There was no immediate indication of how many of the more than 3,000 inmates on U.S. death rows would be affected.
California insists that none of the more than 600 inmates on its death row is retarded. But no real figures exist for the country as a whole, and the number could be quite high.
Many are now expected to file suit in federal court to block their executions based on their mental capacities.
The court split along strict ideological lines, with moderate conservative Justices Sandra Day O'Connor and Anthony Kennedy joining the liberals and providing the crucial swing votes.
Writing for the majority, Justice John Paul Stevens said the mentally retarded "who meet the law's requirements for criminal responsibility should be tried and punished when they commit crimes. Because of their disabilities in areas of reasoning, judgment and control of their impulses, however, they do not act with the level of moral culpability that characterizes the most serious adult criminal conduct."
Stevens said those "impairments can jeopardize the reliability and fairness of capital proceedings against mentally retarded defendants."
He noted that the Supreme Court upheld the execution of mentally retarded inmates 13 years ago in Penry vs. Lynaugh.
But since then, "the American public, legislators, scholars and judges have deliberated over the question whether the death penalty should ever be imposed on a mentally retarded criminal."
The subsequent consensus guides "our answer to the question presented by this case: whether such executions are 'cruel and unusual punishments' prohibited by the Eighth Amendment of the federal Constitution."
Stevens said the majority believes, along with 18 state legislatures that have acted recently to ban such executions, that "death is not a suitable punishment for a mentally retarded criminal."
Chief Justice William Rehnquist led the dissenters.
"The court (majority) pronounces the punishment cruel and unusual primarily because 18 states recently have passed laws limiting the death eligibility of certain defendants based on mental retardation alone," Rehnquist said, "despite the fact that the laws of 19 other states besides Virginia continue to leave the question of proper punishment to the individuated consideration of sentencing judges or juries familiar with the particular defendant and his or her crime."

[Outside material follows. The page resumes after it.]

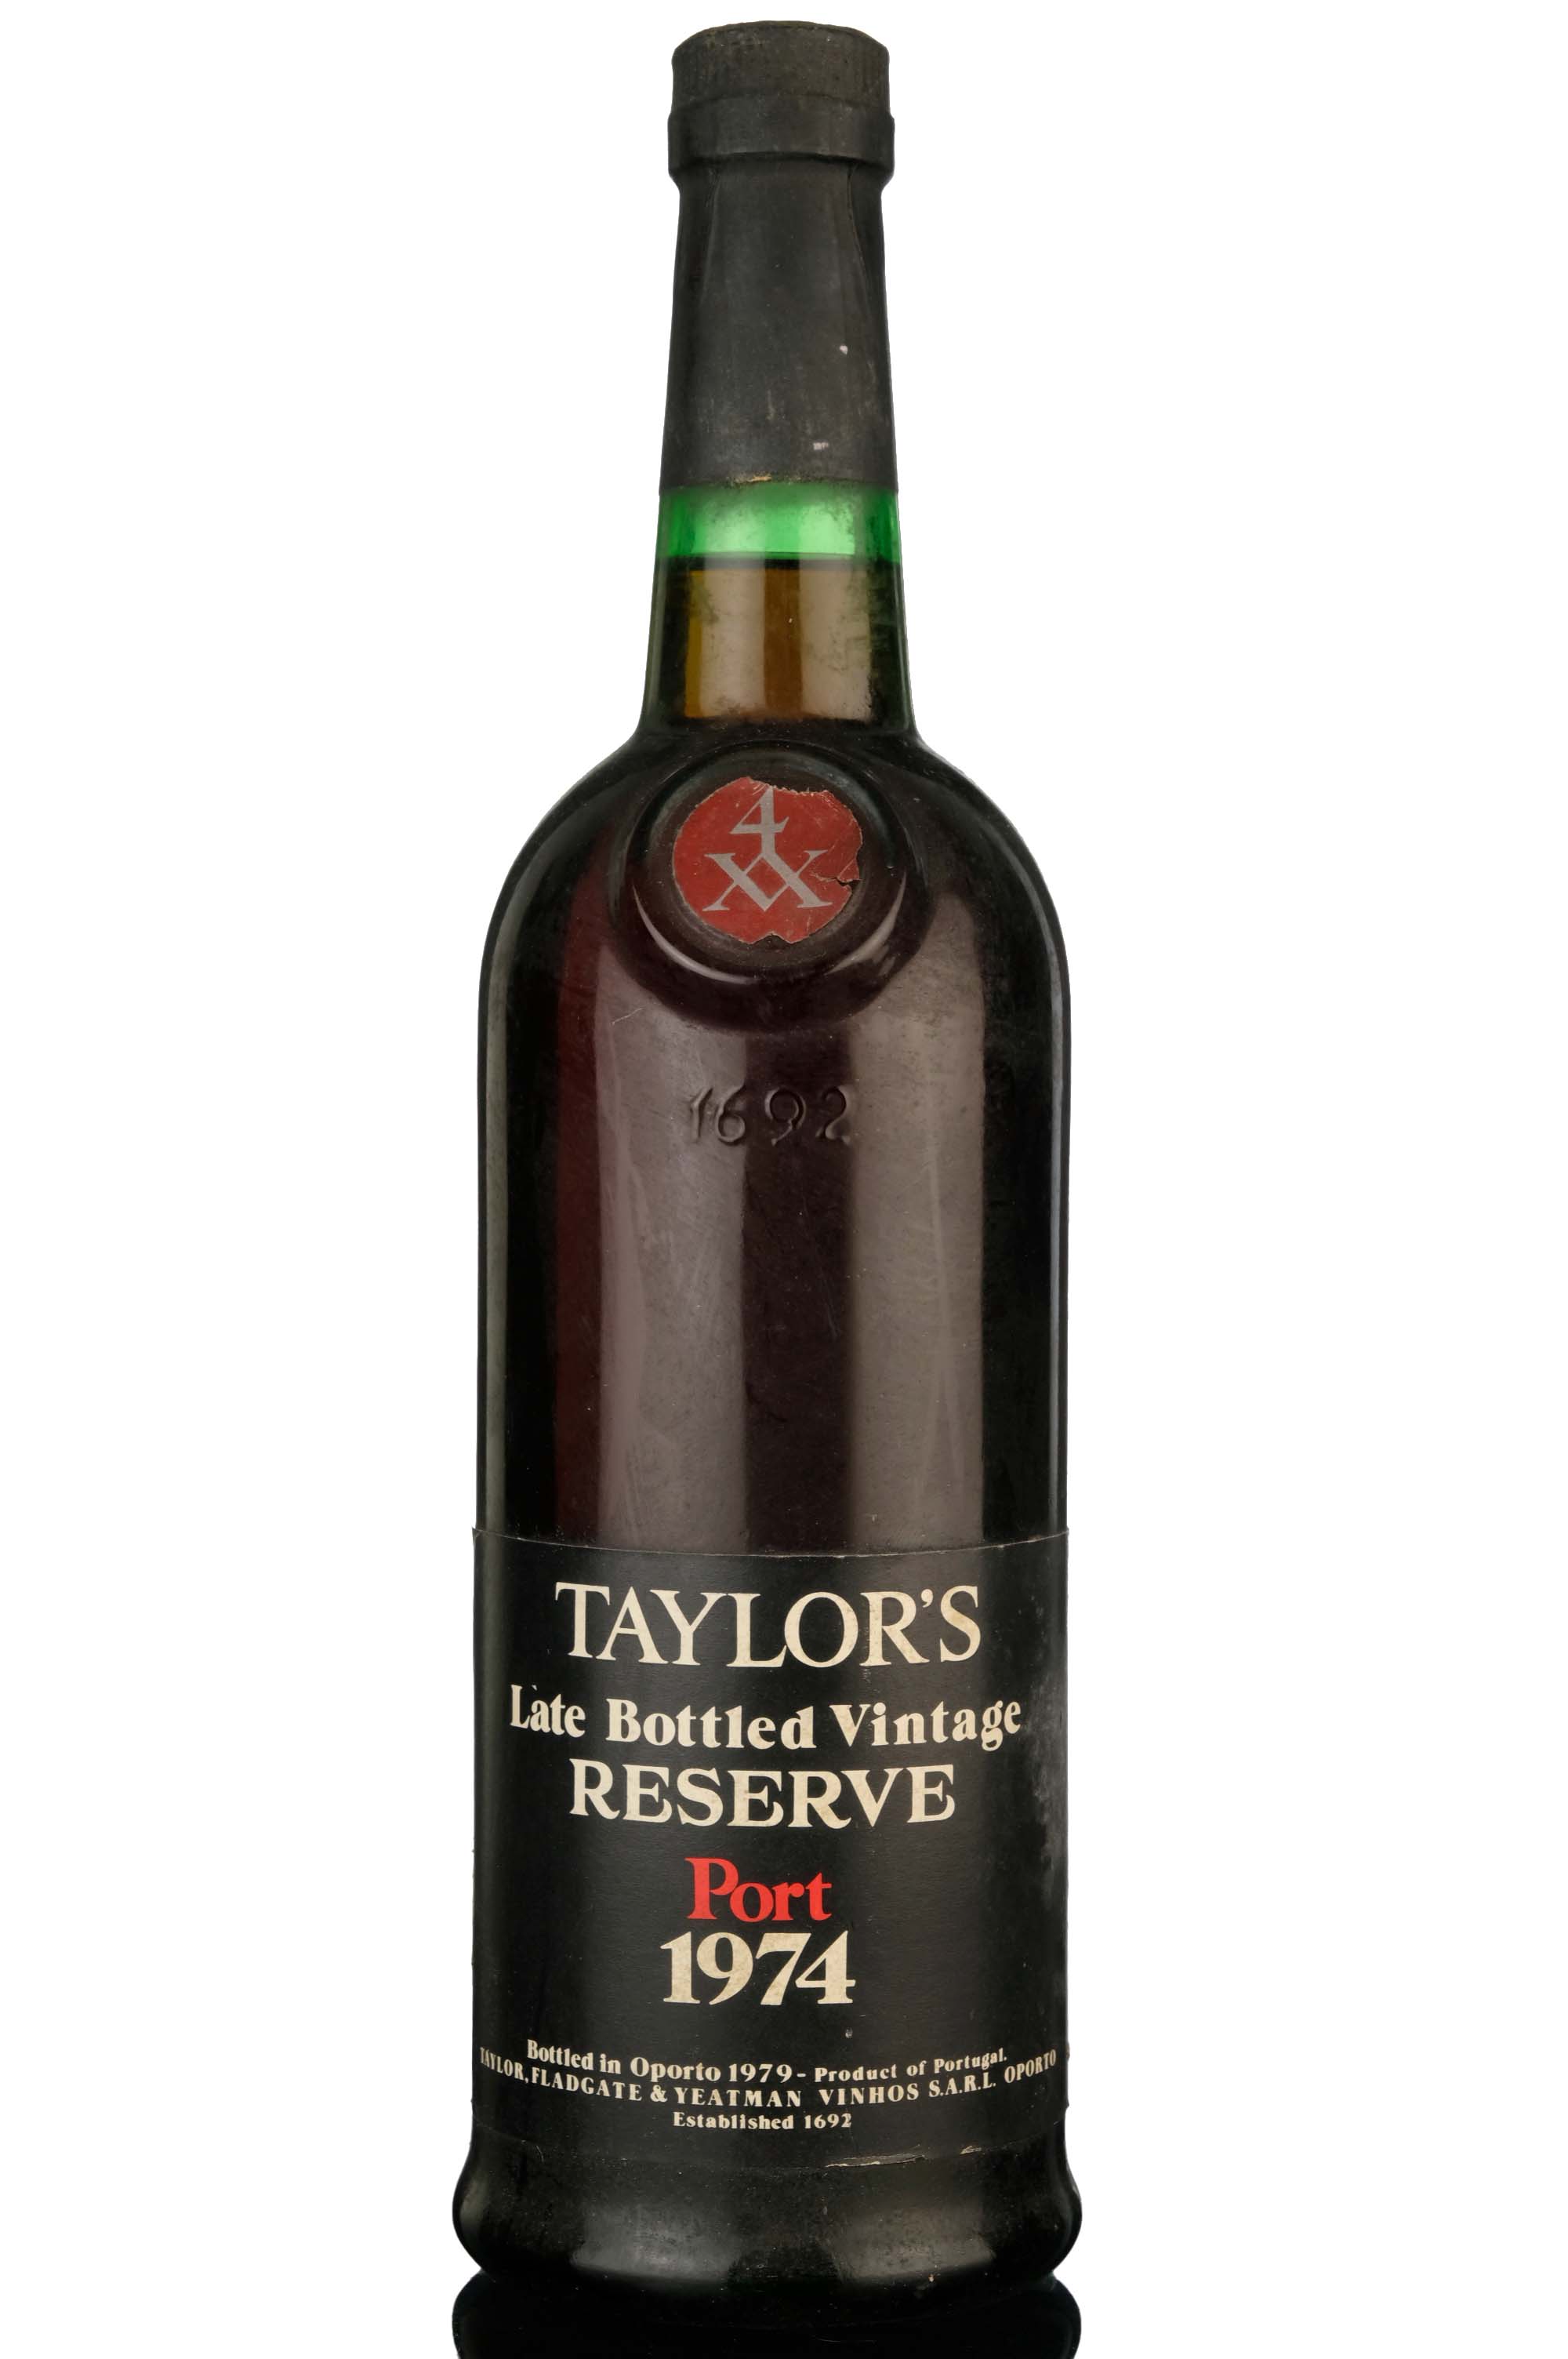 Taylors 1974 Vintage Port - Bottled 1979

Scalia said the court majority's attempt to show a consensus on the issue was "embarrassingly feeble."
The case which brought Thursday's landmark decision comes from Virginia.
Daryl Renard Atkins was convicted of robbing and shooting to death Eric Nesbitt, who had driven up to a convenience store in York County in August 1996. Atkins and a friend had been "drinking and smoking weed" and were looking for more spending money, according to court records.

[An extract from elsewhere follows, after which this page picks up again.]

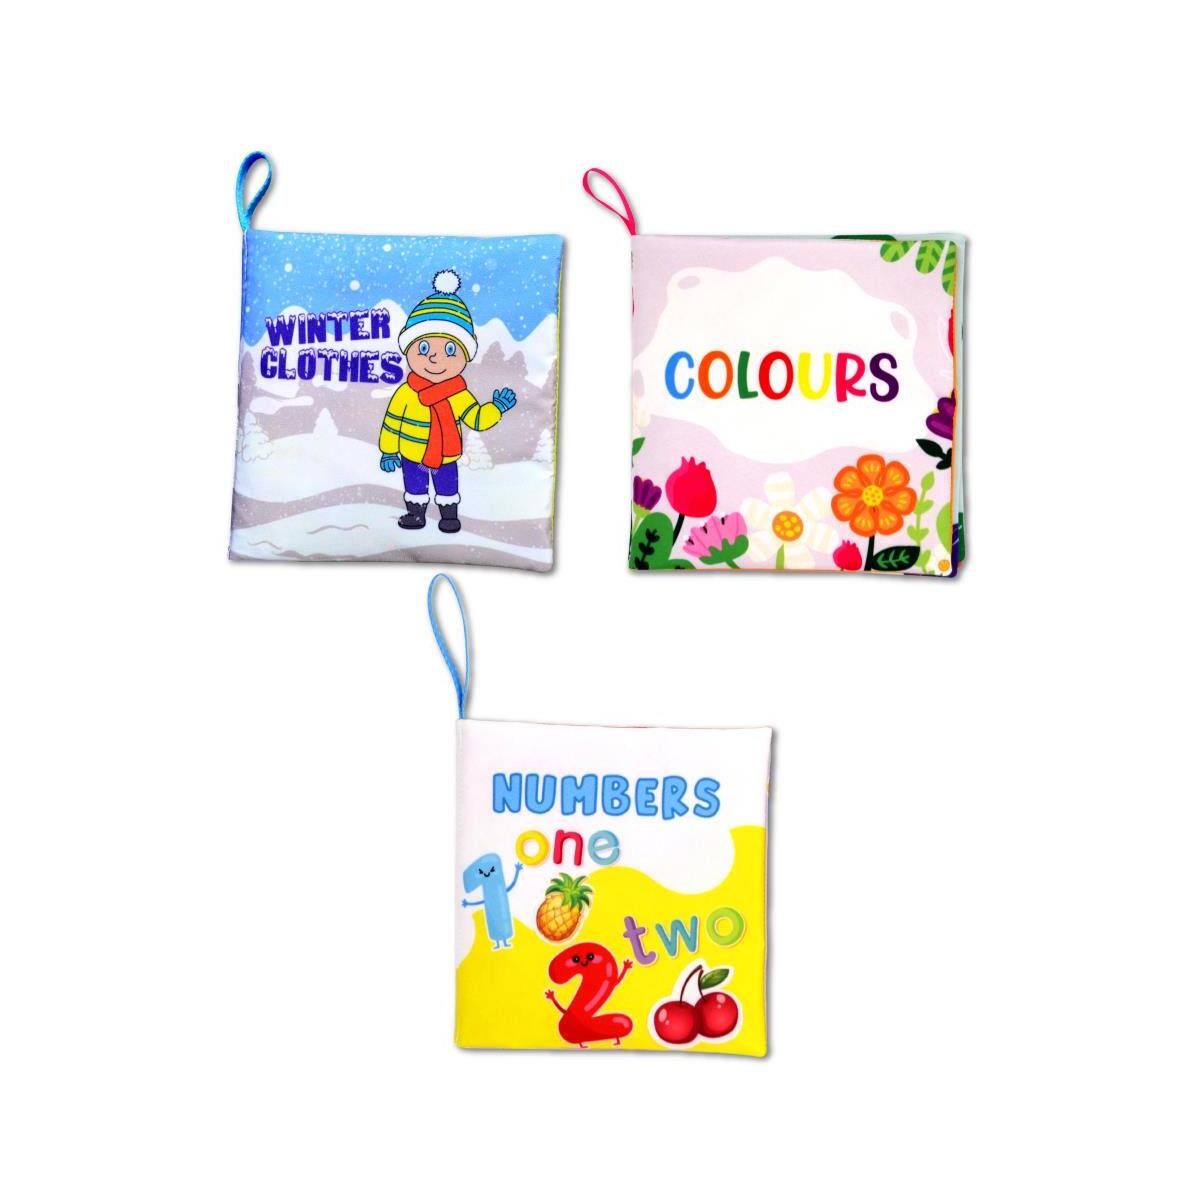 3 Kitap Tox İngilizce Kışlık Giysiler , Renkler Ve Rakamlar Kumaş Sessiz Kitap E124 E129 E128  - Bez Kitap

Nesbitt was kidnapped, forced to use his bank card and then killed in a wooded area.
Atkins was convicted and sentenced to death. After his death sentence was reversed by the Virginia Supreme Court on a technicality, he was again sentenced to death by a state judge who found him a continuing threat to society.

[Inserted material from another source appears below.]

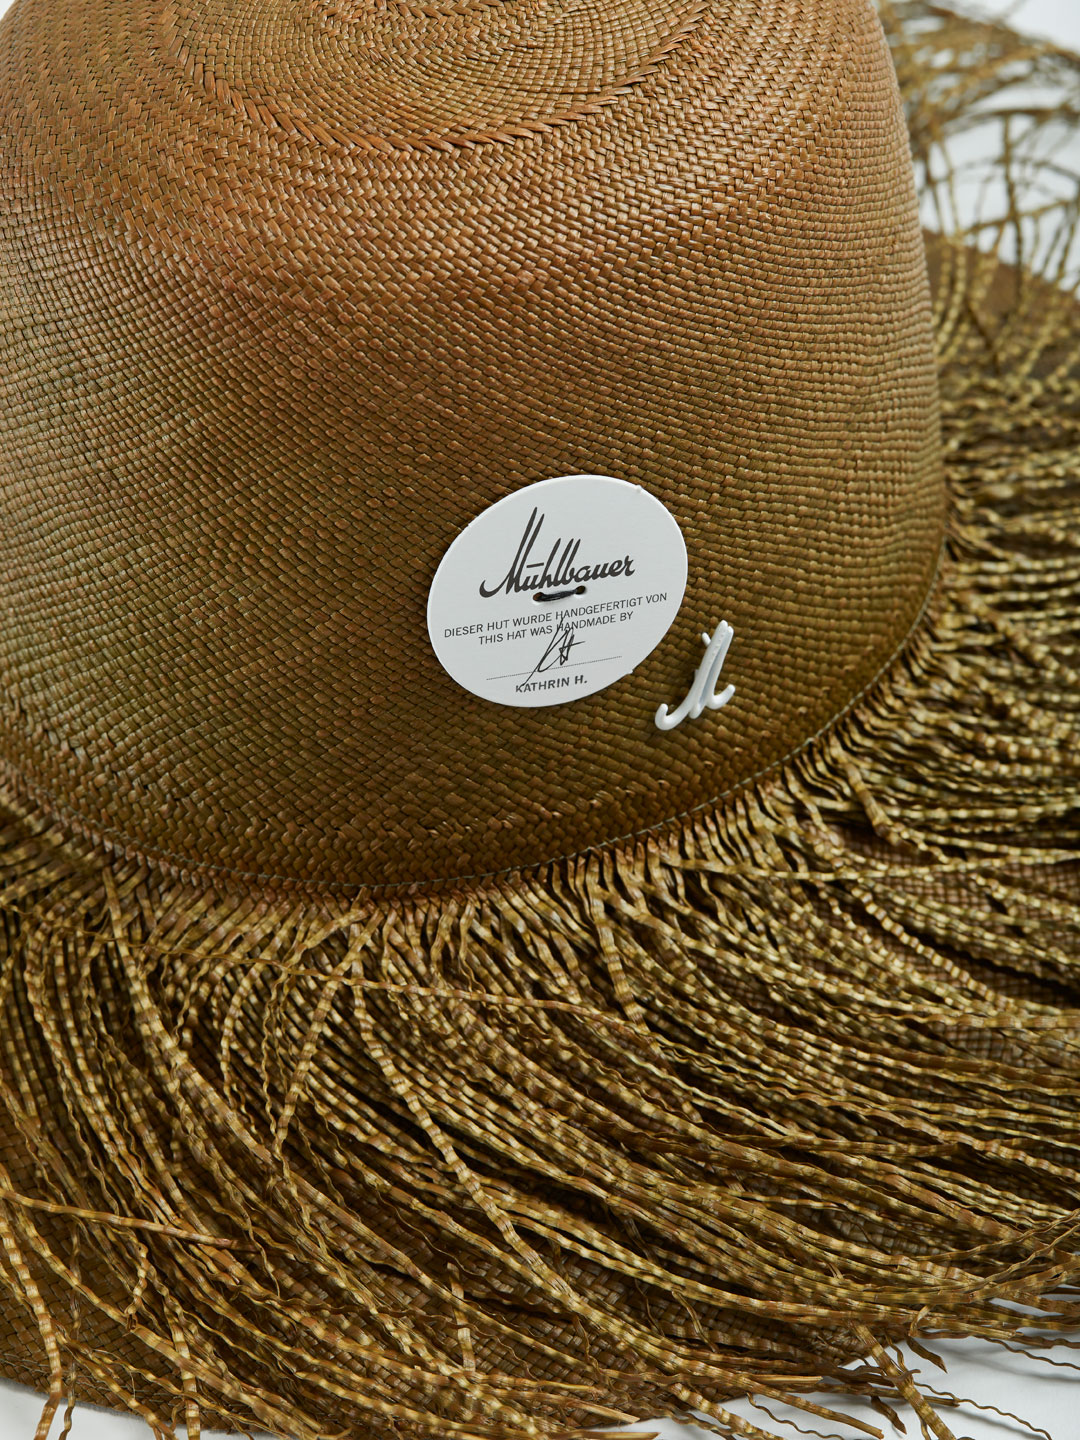 BRIT GIGI Long Fringe Capeline Hat - Khaki

In his petition to the Supreme Court, before last February's argument in the case, Atkins's court-appointed lawyers said his case was a good one to test the constitutionality of the execution of the mentally retarded:
"Pretrial intelligence testing of Daryl Atkins showed that he had ... (an) IQ of 59 .... The state's mental health expert testified that the testing and resultant IQ scores were correct."